Each line in the material below, starting at the one with "Nike shox nz" and ending at the one with "Cyberpunk City Art Picture", is to be reproduced exactly; no picture is to be copied.

[Information shown]
↓

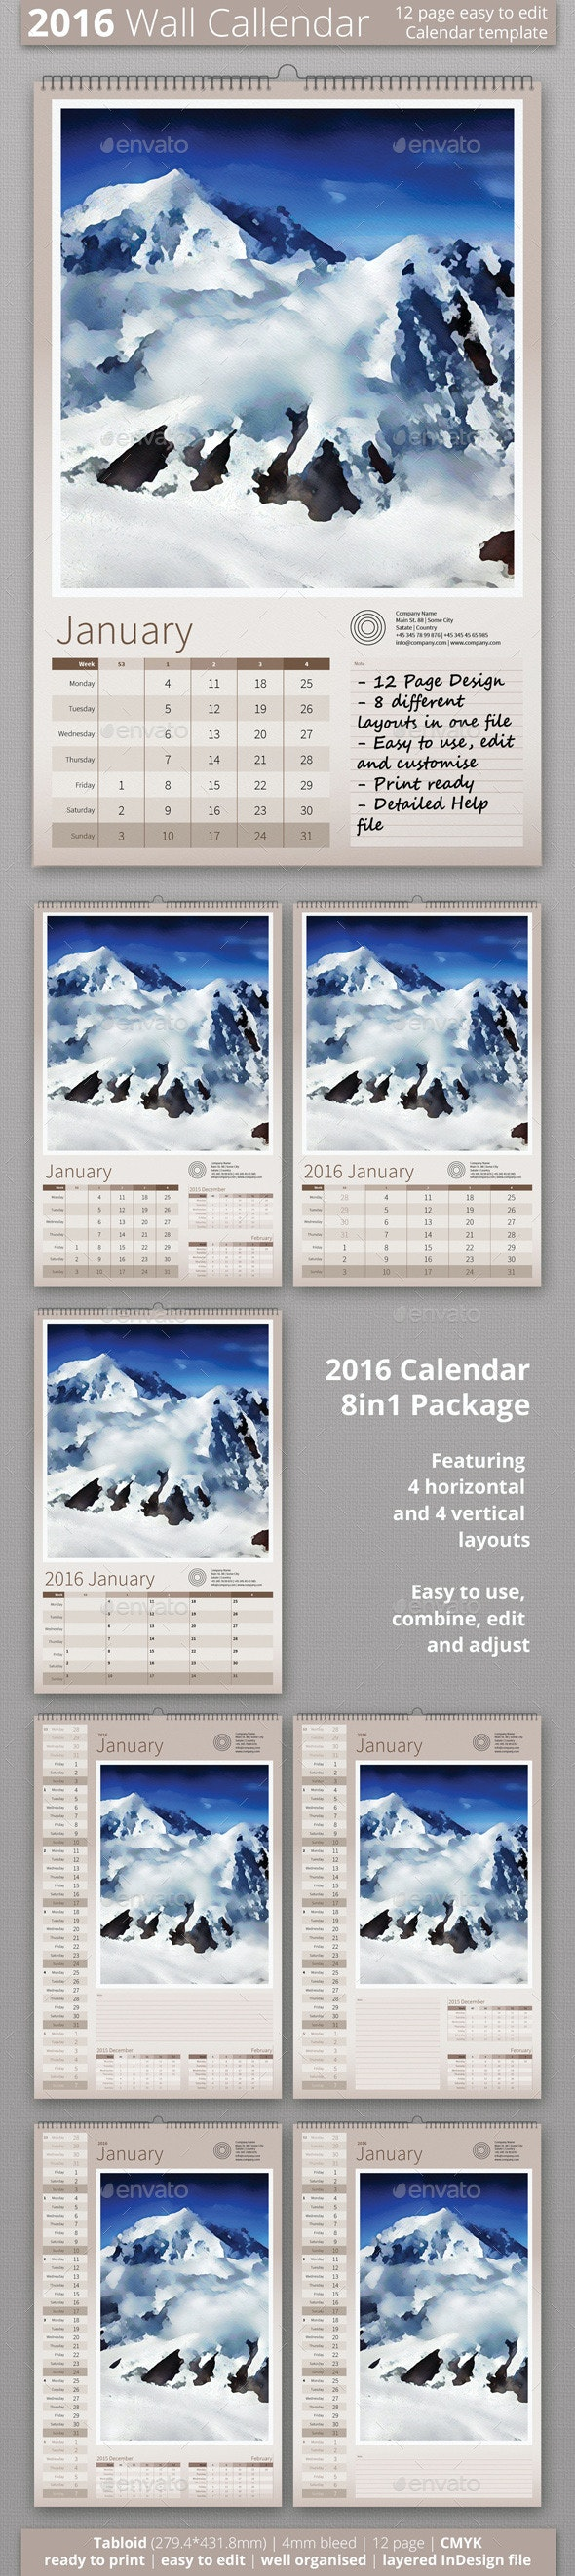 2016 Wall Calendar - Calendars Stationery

↑
↓

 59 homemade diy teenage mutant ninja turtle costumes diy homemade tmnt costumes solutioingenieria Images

↑
↓

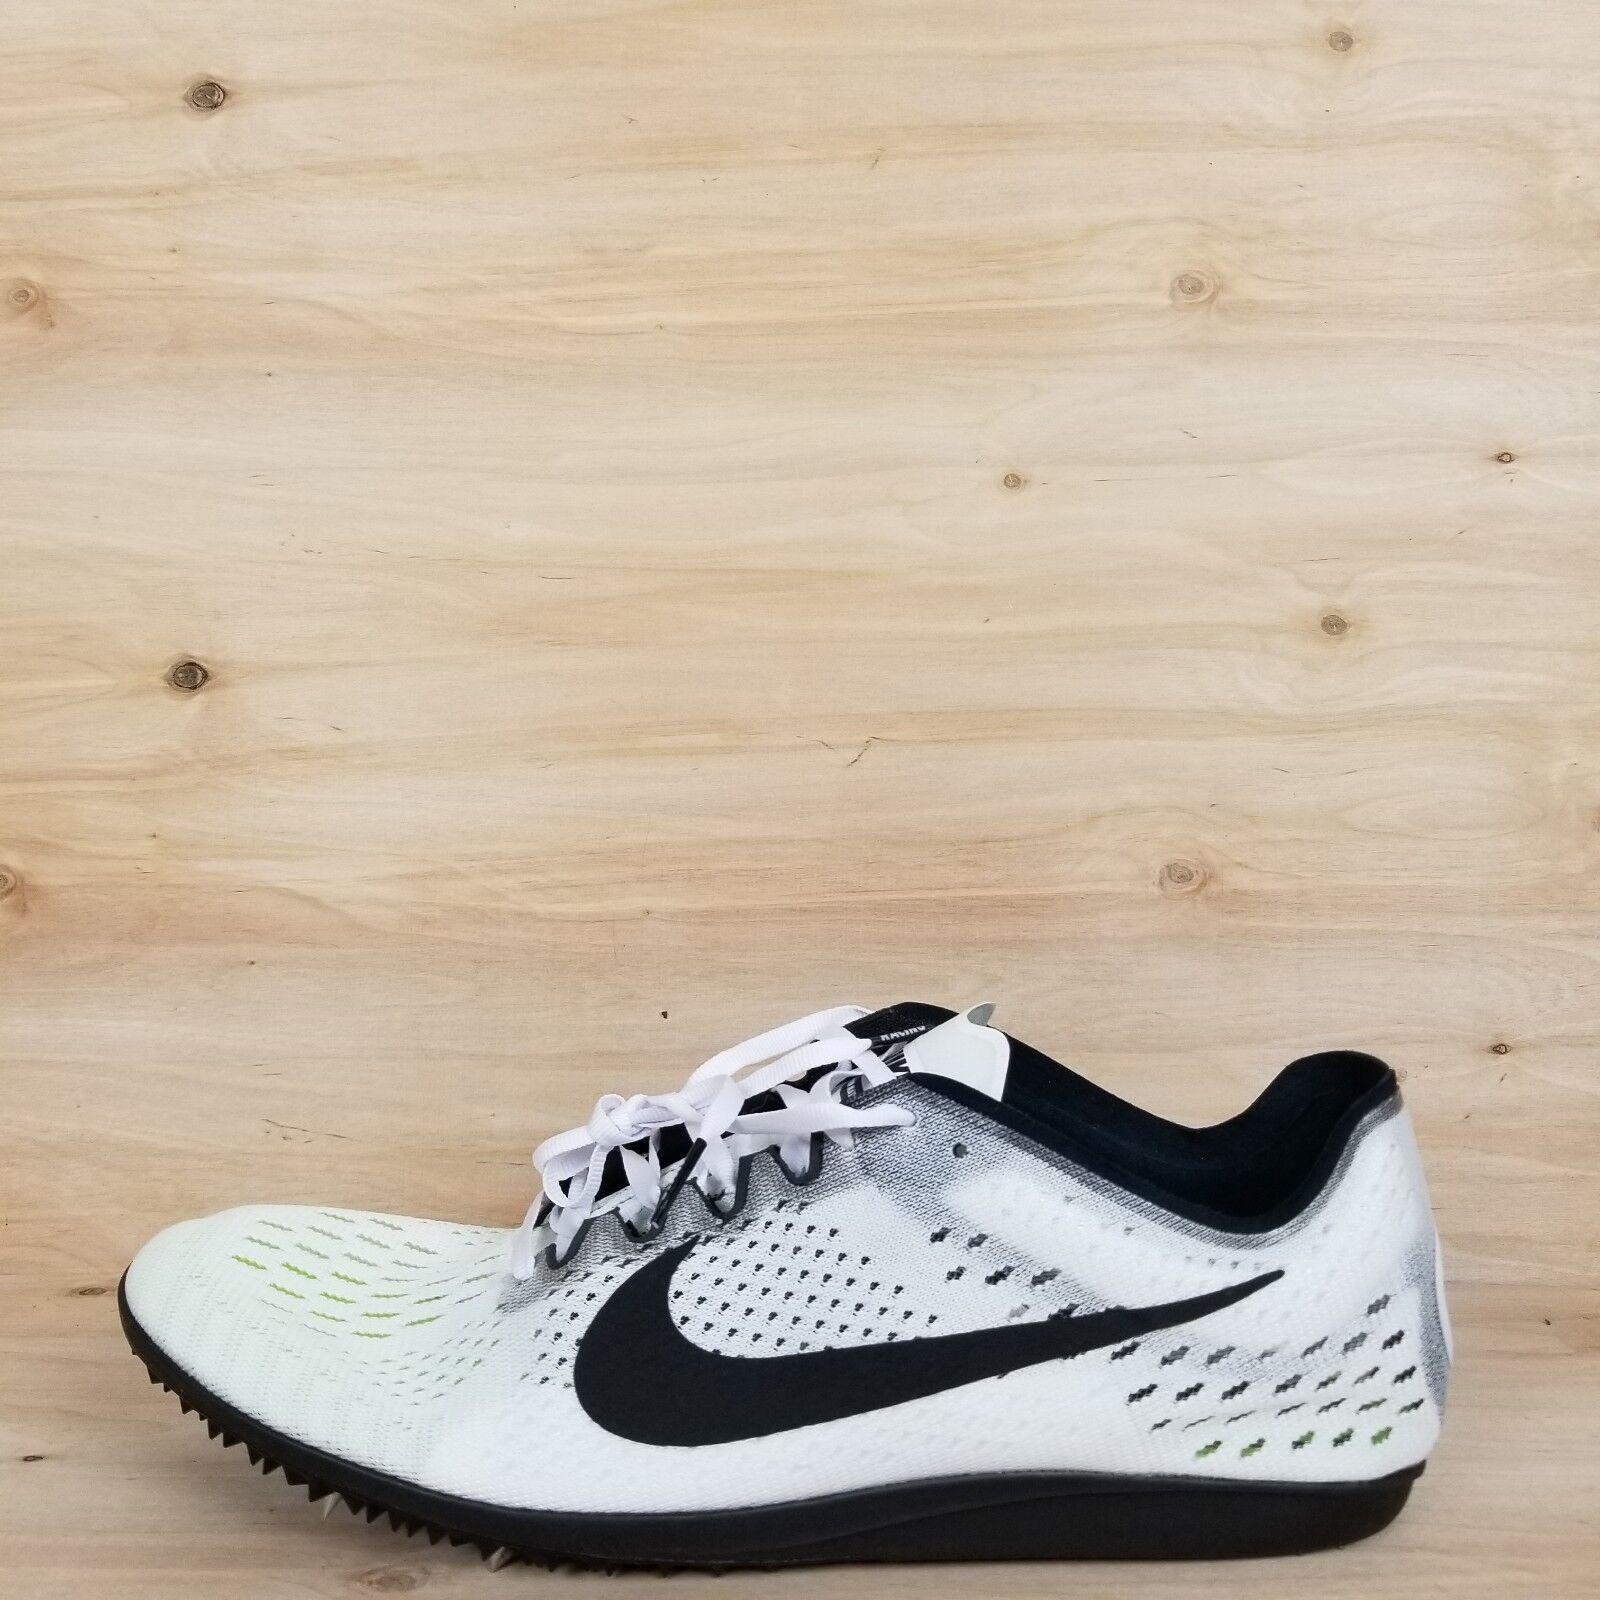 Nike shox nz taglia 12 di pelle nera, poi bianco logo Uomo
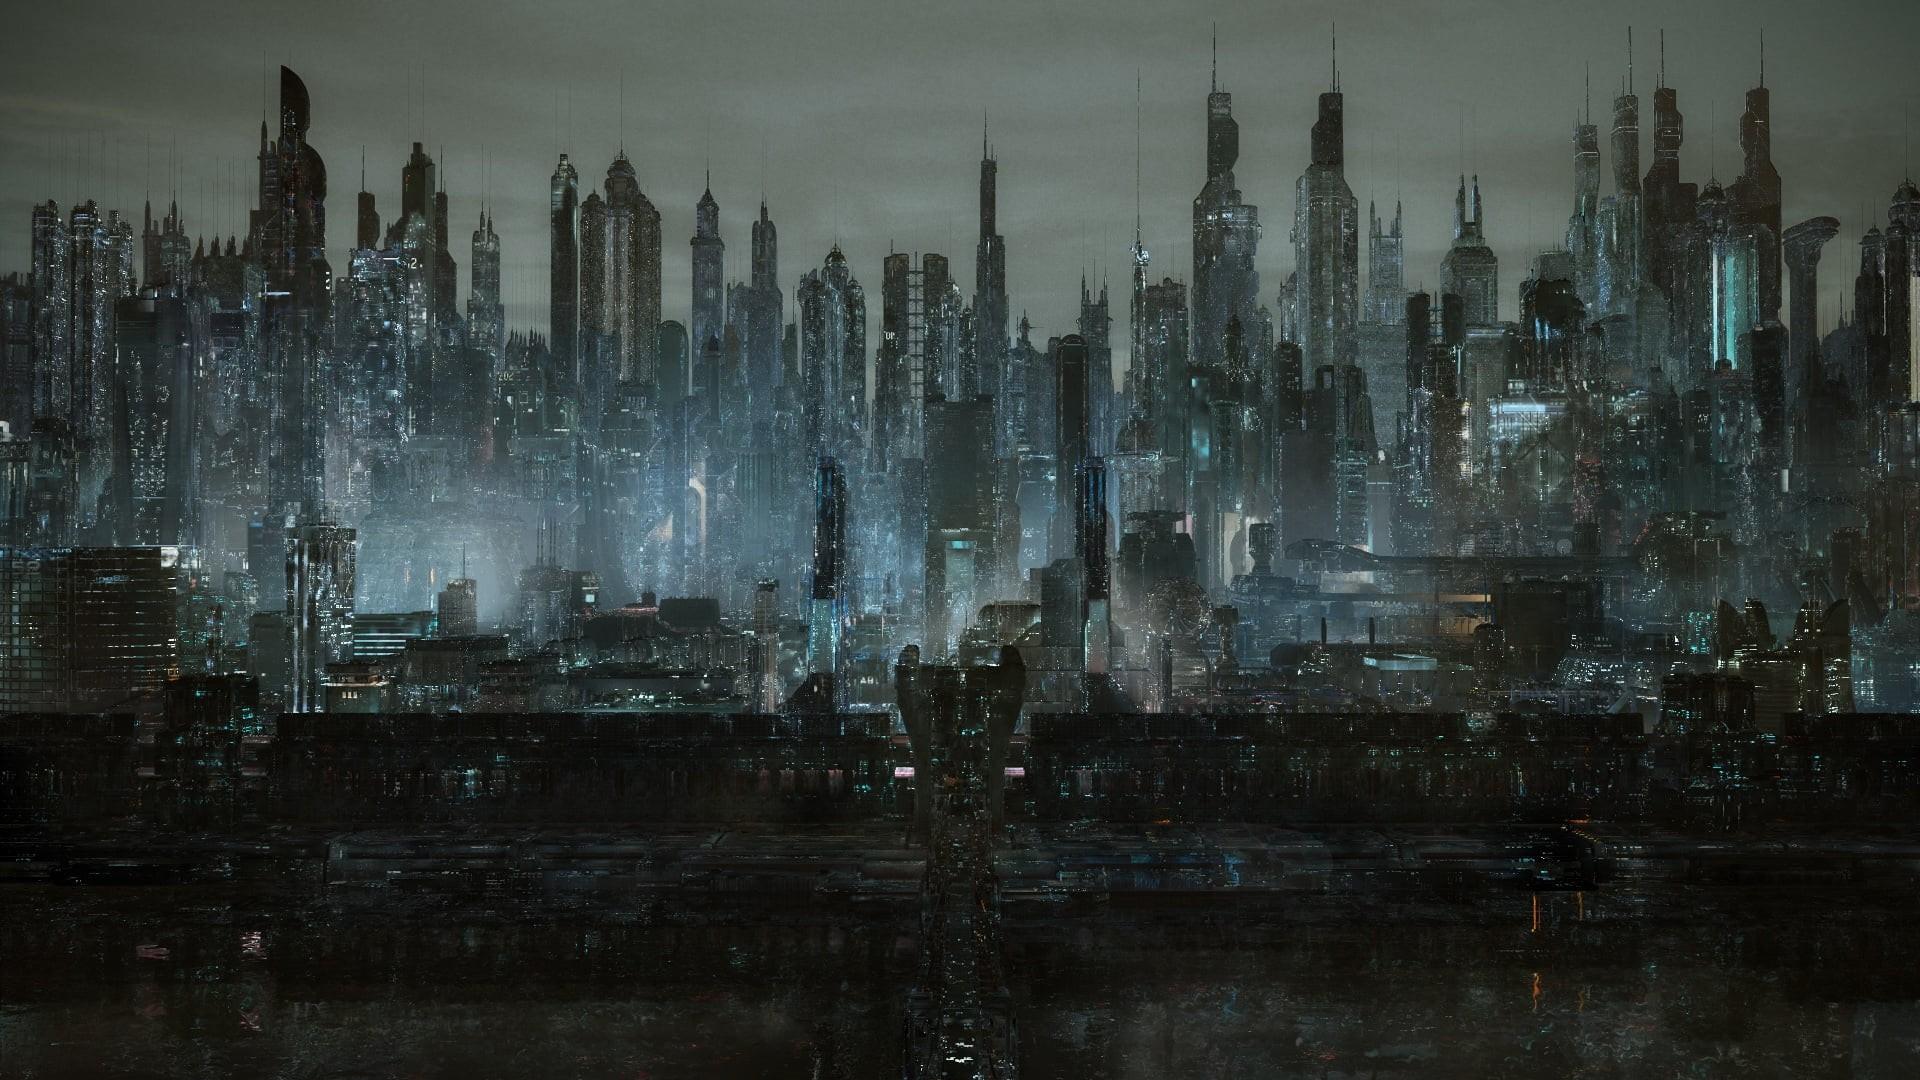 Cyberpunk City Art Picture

↑

[Answer to this exercise]
 Nike shox nz taglia 12 di pelle nera, poi bianco logo Uomo
 Cyberpunk City Art Picture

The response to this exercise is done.